Hacker News new | ask | show | jobs
by pjreddie 3374 days ago
Mini-batches are not an ugly hack, batch gradient descent is too slow since you have to go through the whole data and stochastic gradient descent is too high variance (plus you can't do cool things like batch-norm). Mini-batches give you stability and speed, the best of both worlds.
2 comments

drewm1980 is not totally incorrect, though. I don't believe that people began using batch gradient descent because they knew a priori that it had decent properties. I would venture to guess that, initially, people were constrained my memory and computational tractability and only observed after-the-fact that SGD actually worked and in fact, often worked nicer than non-stochastic descent.
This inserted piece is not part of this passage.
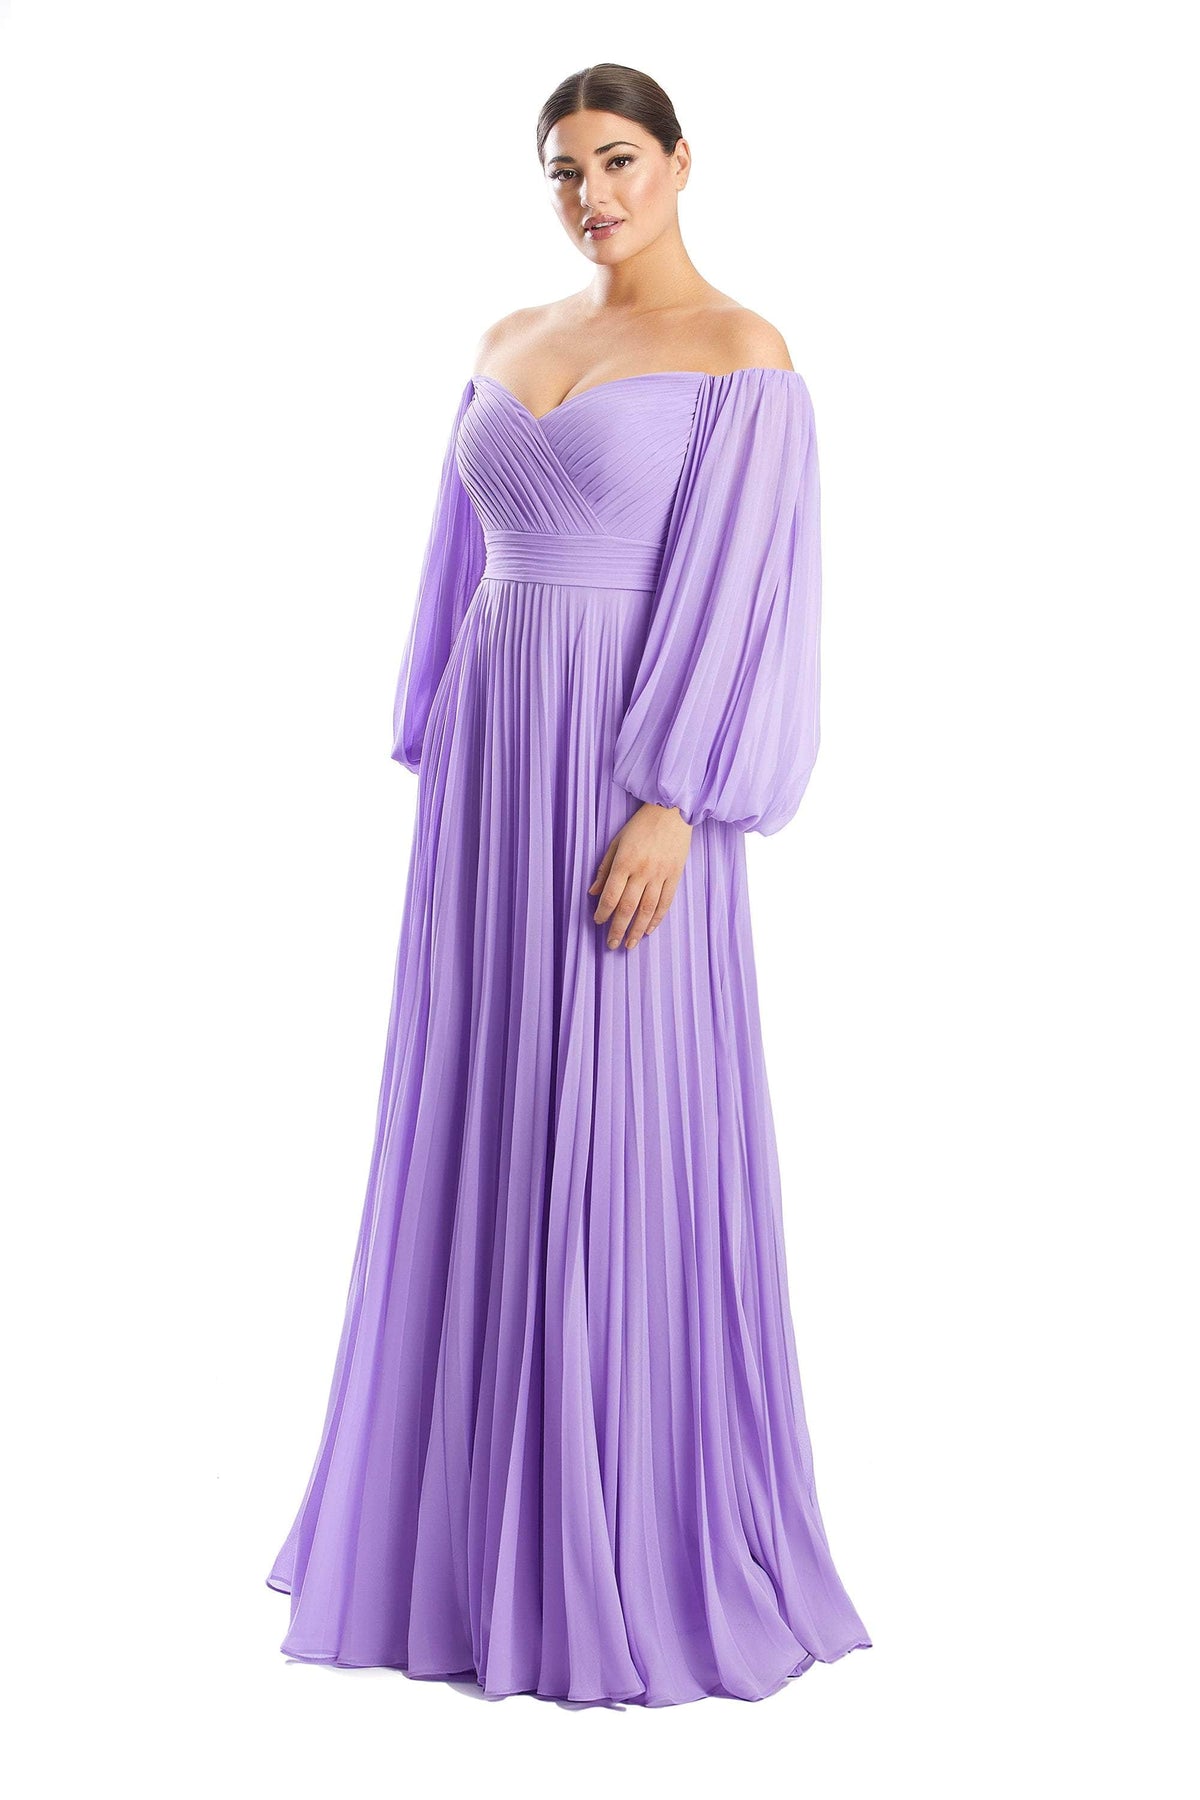 Alexander by Daymor 1792S23 - Bishop Sleeved Formal Dress Evening Dresses 00 / Lavender Mist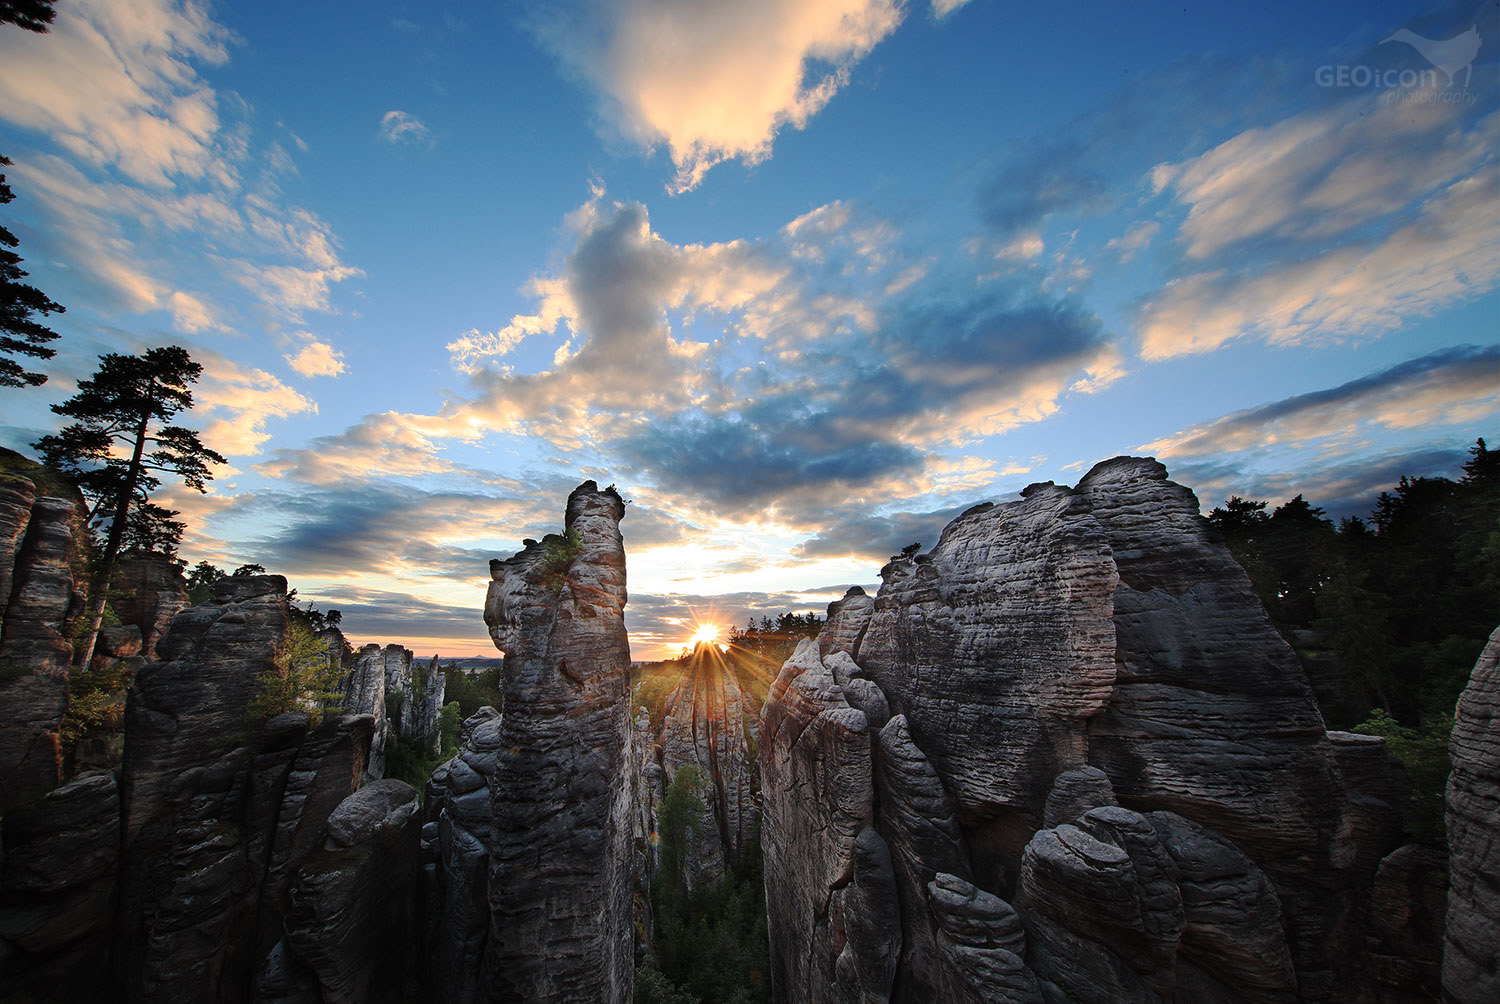 Prachov rocks, Bohemian paradise, Czech republic.

I'm not sure really at what point SGD was linked to stochastic approximation, and theoretical explanation of convergence behavior was really pinned down. It feels recent (see work by Leon Bottou, in particular), but I'm certainly no expert in this area.

--- edits: grammar

So interestingly, SGD has a nice intuitive explanation for why it is better than GD.

If you compute the gradient step for all data, you're expending computational power on redundant data. You're going to get to the minimum with fewer data if you make steps as you get useful information.

A brain learns one example at a time, which probably means a gradient descent is not a very good learning mechanism.
These are not brains, they are not even models of brains even if they use the word 'neuron'.
That was kind of my point. Brain learns well using one example at a time. ANNs don't. Hence my conclusion.
You can use gradient descent one example at a time. It still works just fine. The gradients are more unstable, but you will still converge eventually.
"works just fine" is a relative term. I'm pretty sure when I'm learning a (new) alphabet, I don't need to see 1000 examples of each letter 100 times.